Feb 23rd 2014, 22:00, by Anthony Ha
Homejoy offers its home cleaning services in more than 30 North American markets, but it managed to expand without opening any offices outside of its San Francisco headquarters — until January, when it opened an office in New York City’s financial district.
It’s been almost exactly a year since Homejoy launched its services in the Big Apple, following the same system it has used in other geographies — a network of contract cleaners overseen by on-the-ground city and regional managers.
That approach makes for “an effective business model” by keeping costs relatively low, said Danny Rueda, the company’s northeast regional manager. However, this presents challenges when it comes to giving those managers “a connection to HQ, a connection to the company.” So one of the main purposes of the New York office is create “a hub” where Homejoy city managers across the northeast can meet up and share tips and experiences. In addition, Rueda said he’s hiring small teams for customer service and data science.
If he’s successful, perhaps we’ll see Homejoy offices opening in other US cities and following a similar model.
Apparently Rueda moved out to San Francisco from New York last year when he joined Homejoy, only to be sent back to the East Coast three months later for his current role. The bicoastal back-and-forth was “a little bit of a shock,” he said, but he was also “flattered” to be given responsibility over an important region to Homejoy’s business.

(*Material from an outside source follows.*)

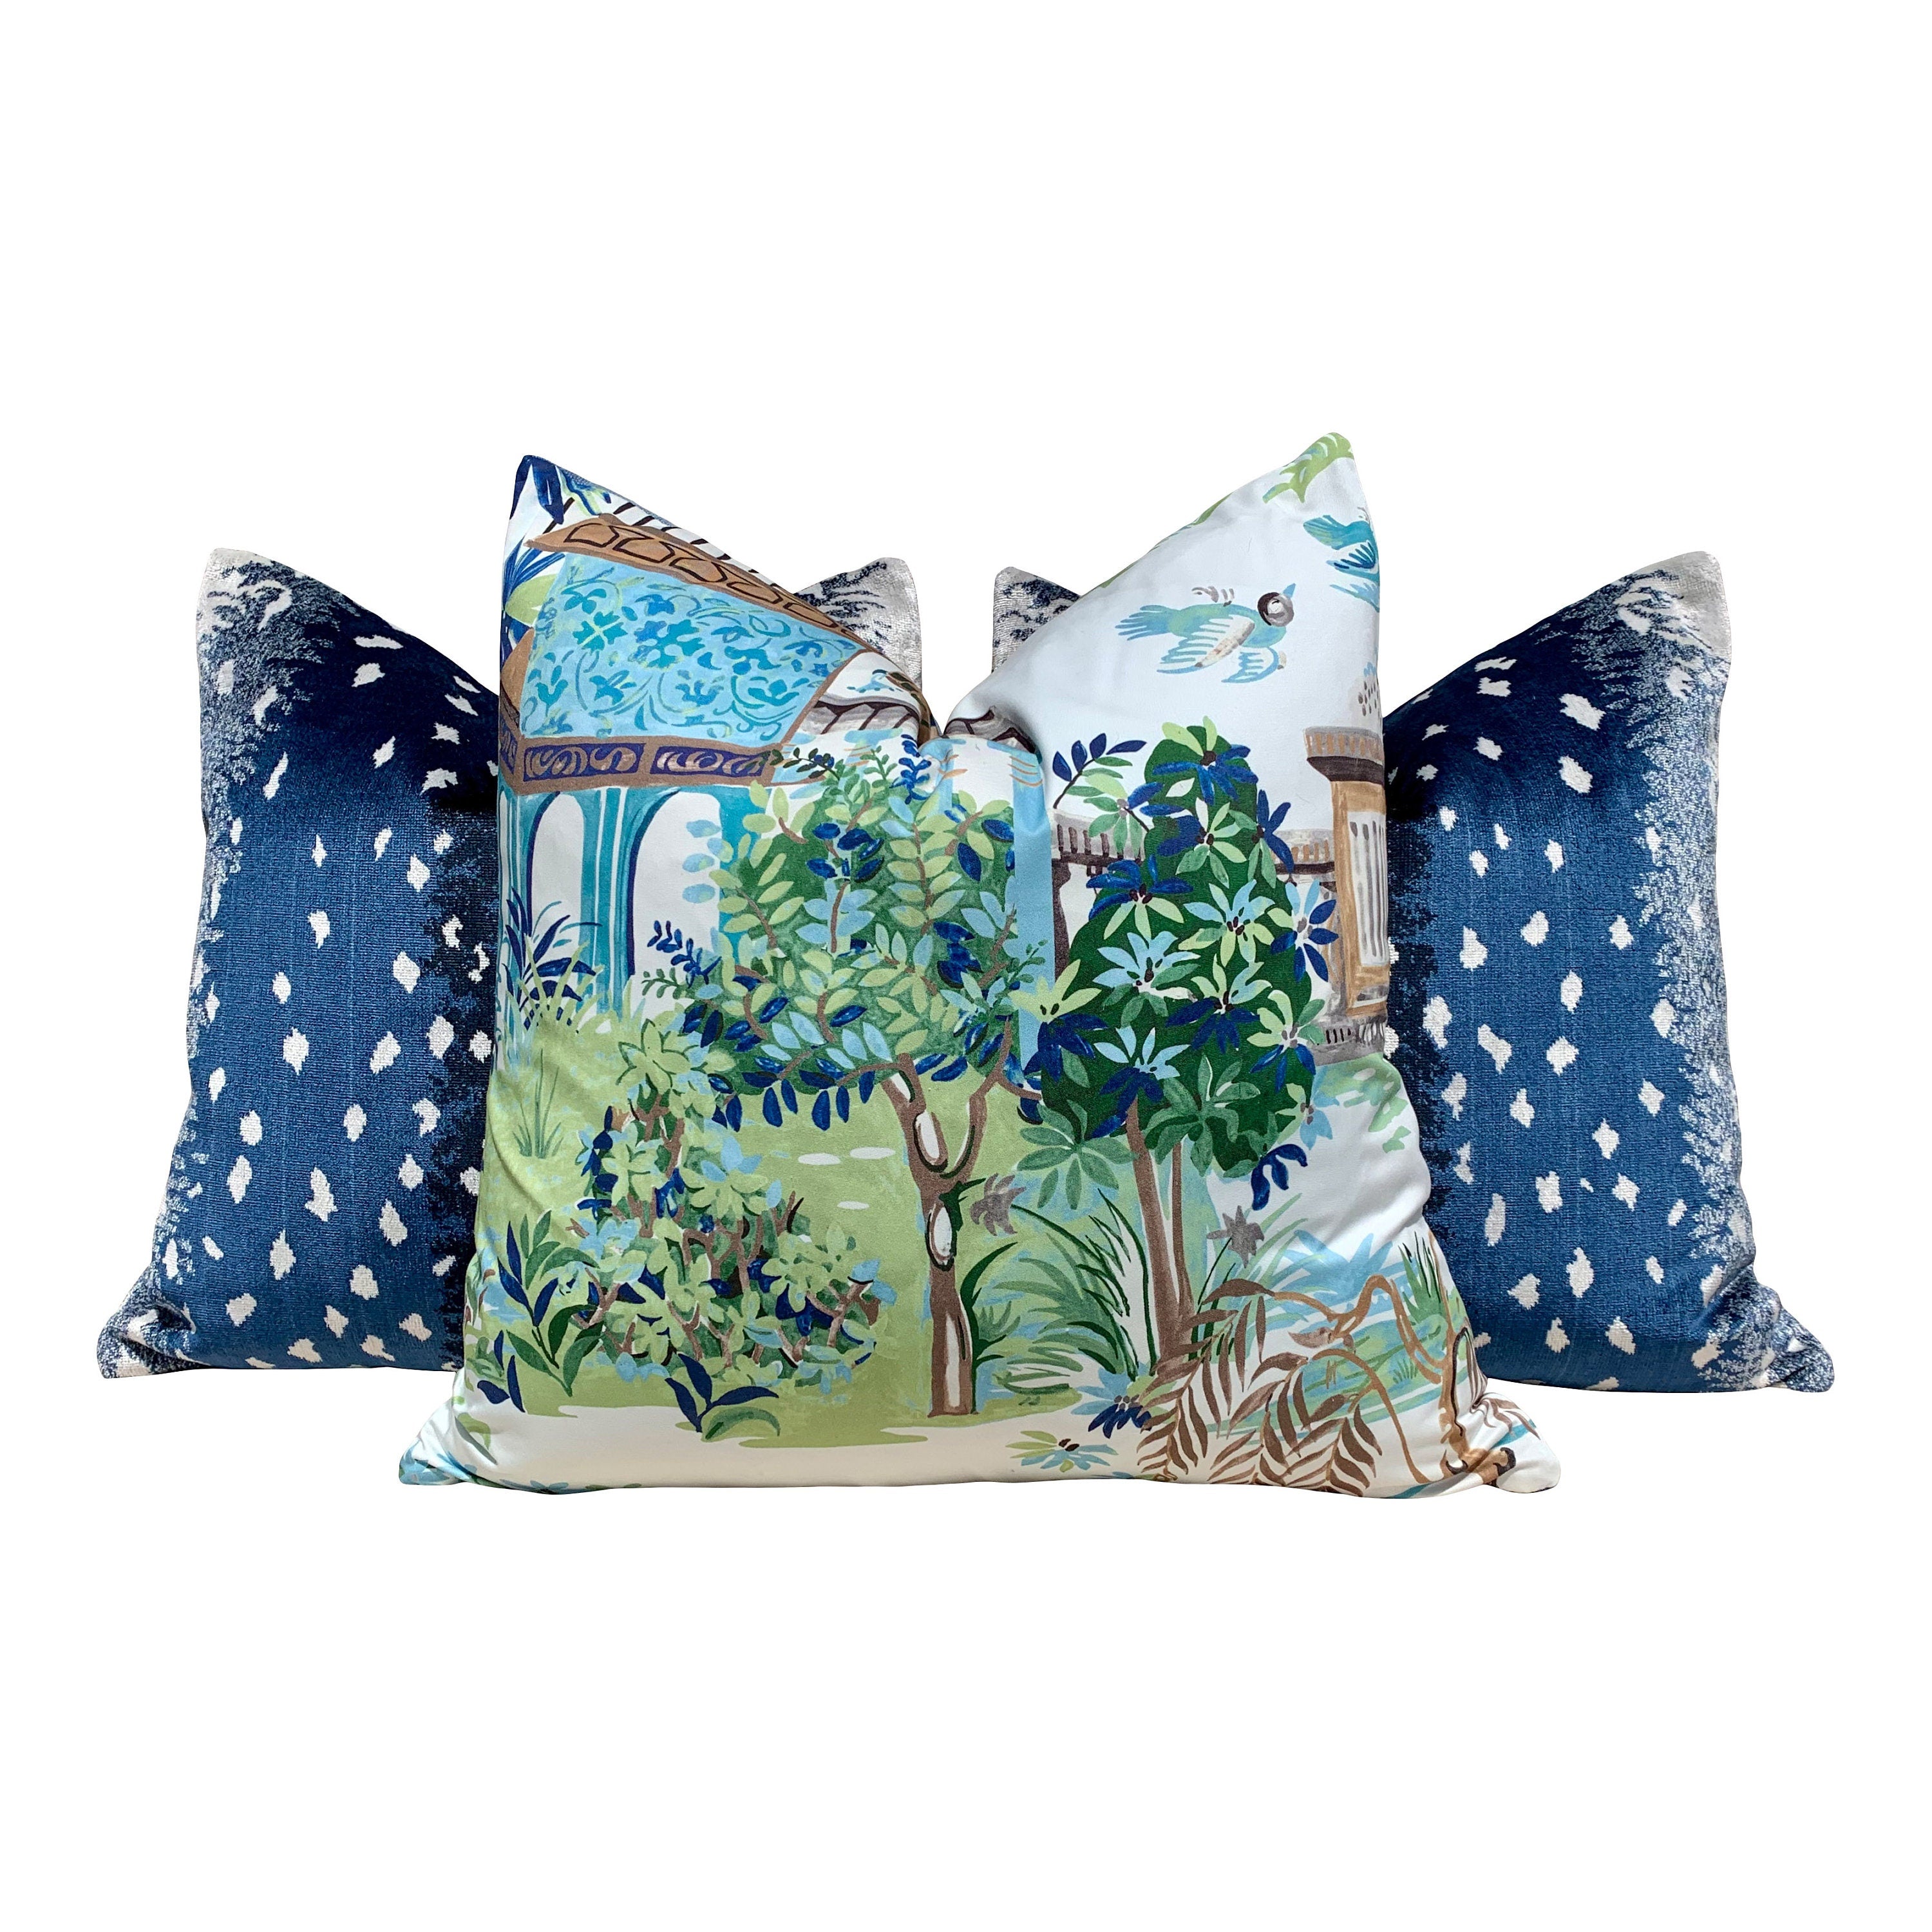 Antelope Velvet Pillow In Midnight. Luxury Velvet Pillow in Navy Blue, Lumbar Designer Animal Skin Velvet Pillow Cover Luxurious Gifts

Asked if there are any unique opportunities or challenges in the northeast, Rueda said he couldn’t think of any. Instead, he suggested that the obstacles tend to be more city specific — Boston, for example, doesn’t have as much public transit as some other large cities, so it’s important to recruit more cleaners with cars.
Homejoy, by the way, announced that it had raised $38 million in Series A and B funding late last year. Around that time, the team also gave me a more in-depth look at the technology it has built to run the company’s operations.